---
id: "claim-bitcoin-market-cap-calculation"
type: "claim"
source_timestamps: ["16:36:00", "16:50:00"]
tags: ["market-cap", "valuation"]
related: ["concept-true-circulating-supply"]
speakers: ["Joe Carlasare"]
confidence: "medium"
testable: true
sources: ["carlasare"]
sourceVaultSlug: "cardone-carlasare-bitcoin-macro-2026Jun25"
originDay: 3
---
# Bitcoin's True Market Cap Is Lower Than Reported

## Claim

Reported Bitcoin market cap (e.g., ~$2.2T at quoted price) is artificially inflated because it uses **total mined supply** rather than **liquid supply**. Adjusting for ~4–5M permanently lost coins yields a "real" market cap closer to **$1.2–1.5T**, making Bitcoin an even smaller asset class relative to gold or equities than headline numbers suggest.

## Speaker

[[entity-joe-carlasare|Joe Carlasare]]

## Confidence

**Medium**. The arithmetic is correct given the inputs; the inputs (lost-coin counts) are estimates.

## Important Methodological Note (from enrichment)

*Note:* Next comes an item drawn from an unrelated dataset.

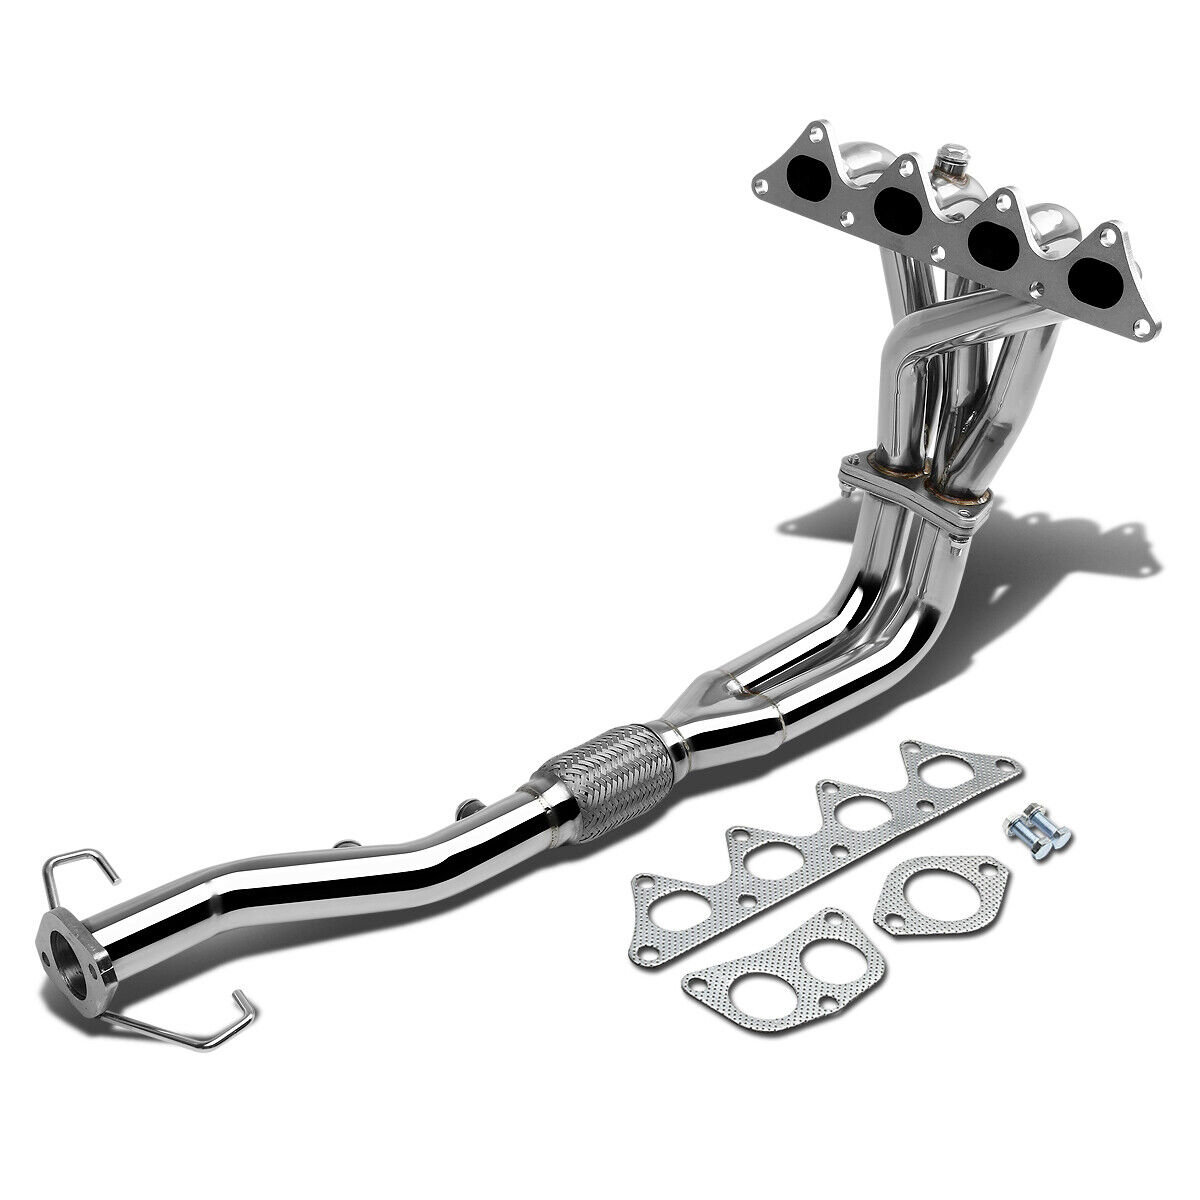 Fit 02-07 Lancer 4G94 2.0 4-2-1 Stainless Steel Racing Header Manifold Exhaust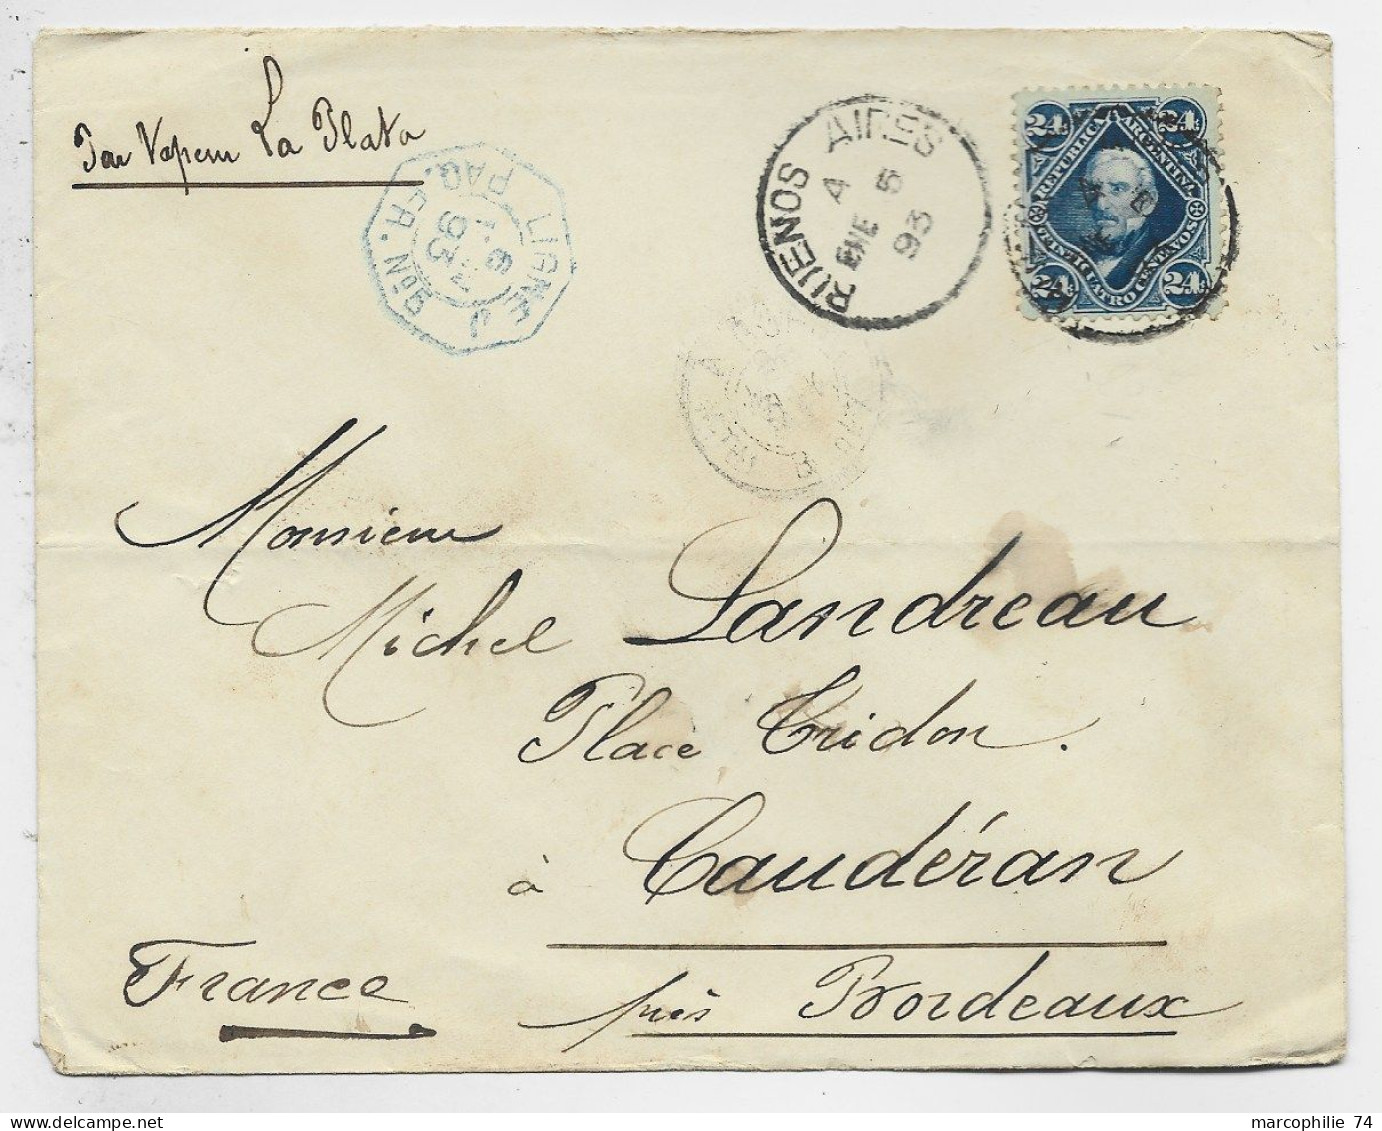 ARGENTINA 24C SOLO LETTRE COVER BUENOS AIRES 1893  TO FRANCE PAR BRESIL - Covers & Documents

- Standard market cap = **price × total circulating supply**, typically defined as "issued minus verifiably burned." This is the **industry convention** used by Bloomberg, CoinMarketCap, and exchanges.
- The adjustment Carlasare describes corresponds to alternative metrics like **"realized cap"** or **"liquid cap"** that exist in crypto analytics but are **not the standard**.
- Calling the standard figure "inflated" is analytically defensible but rhetorical — it's not a correction, it's a different metric.

## Why It Matters

If you believe in [[claim-bitcoin-outperform-sp500|Bitcoin's long-term outperformance thesis]], a smaller true market cap means more room for appreciation as new capital enters.